Requires-Dist: mypy>=1.0.0; extra == "dev"
Requires-Dist: pydantic>=1.10.0; extra == "dev"
Dynamic: license-file

# Extract Monster Python SDK

[![PyPI version](https://badge.fury.io/py/extract-monster.svg)](https://badge.fury.io/py/extract-monster)
[![License: MIT](https://img.shields.io/badge/License-MIT-yellow.svg)](https://opensource.org/licenses/MIT)

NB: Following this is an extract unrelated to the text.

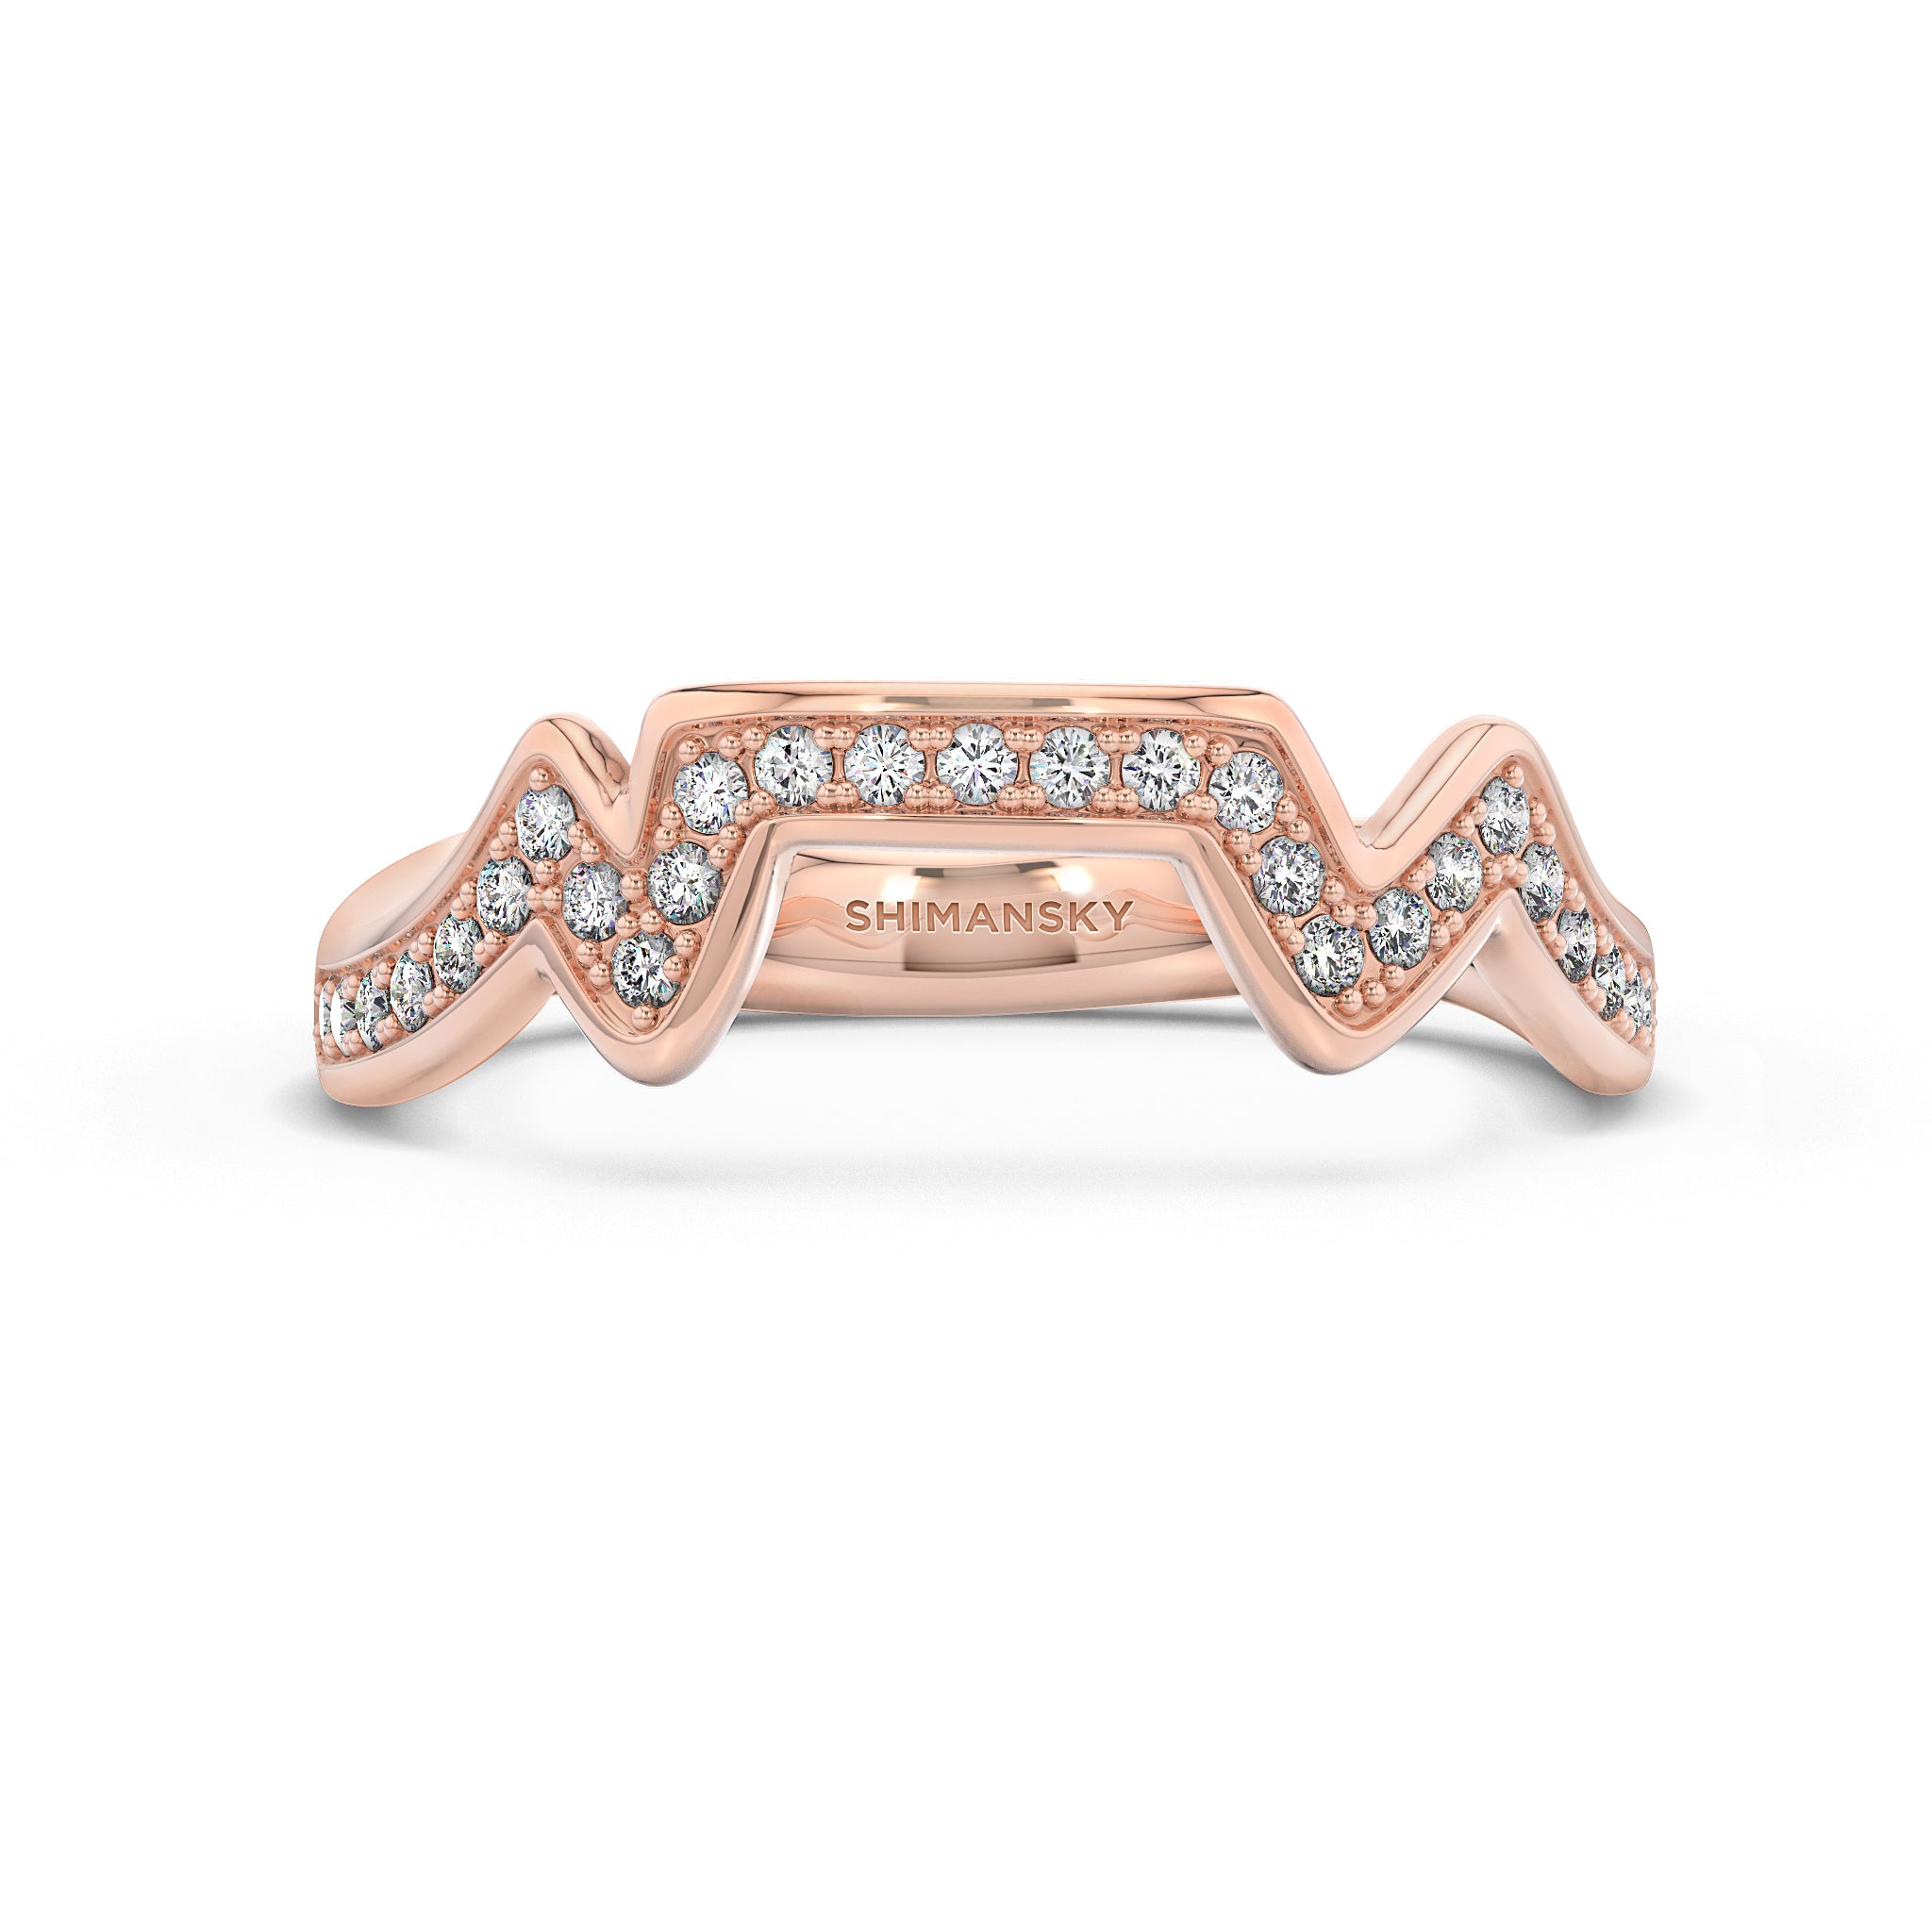 Shimansky - Table Mountain Pave Diamond Ring Crafted in 14K Rose Gold

Official Python SDK for [Extract Monster](https://extract.monster) - Extract structured data from files and text using AI.

## Features

- 🎯 **Type-Safe Schema Support** - Use Pydantic models for type-safe data extraction
- 📄 **Multi-Format Support** - Extract from PDFs, images, videos, audio, and text documents
- 🔒 **Secure Authentication** - API key-based authentication
- 📦 **Easy to Use** - Simple, intuitive API design
- 🎨 **Flexible Schemas** - Support for Pydantic models and raw JSON schemas

## Installation

```bash
pip install extract-monster
```

For Pydantic support (recommended):
```bash
pip install extract-monster[pydantic]
```

## Quick Start

```python
from extract_monster import ExtractMonster
from pydantic import BaseModel, Field

# Initialize client
client = ExtractMonster(api_key="your_api_key")

# Define schema with Pydantic
class Invoice(BaseModel):
    invoice_number: str = Field(description="Invoice number")
    date: str = Field(description="Invoice date")
    total: float = Field(description="Total amount")
    vendor: str = Field(description="Vendor name")

# Extract from file
result = client.extract_file("invoice.pdf", schema=Invoice)
print(result.extracted_data)
# {"invoice_number": "INV-001", "date": "2024-01-15", "total": 1250.00, "vendor": "Acme Corp"}

# Extract from text
class Contact(BaseModel):
    name: str = Field(description="Full name")
    phone: str = Field(description="Phone number")
    email: str = Field(description="Email address")

result = client.extract_text(
    "Contact John Doe at john@example.com or 555-1234",
    schema=Contact
)
print(result.extracted_data)
# {"name": "John Doe", "phone": "555-1234", "email": "john@example.com"}
```

## Authentication

Get your API key from the [Extract Monster Dashboard](https://extract.monster/dashboard).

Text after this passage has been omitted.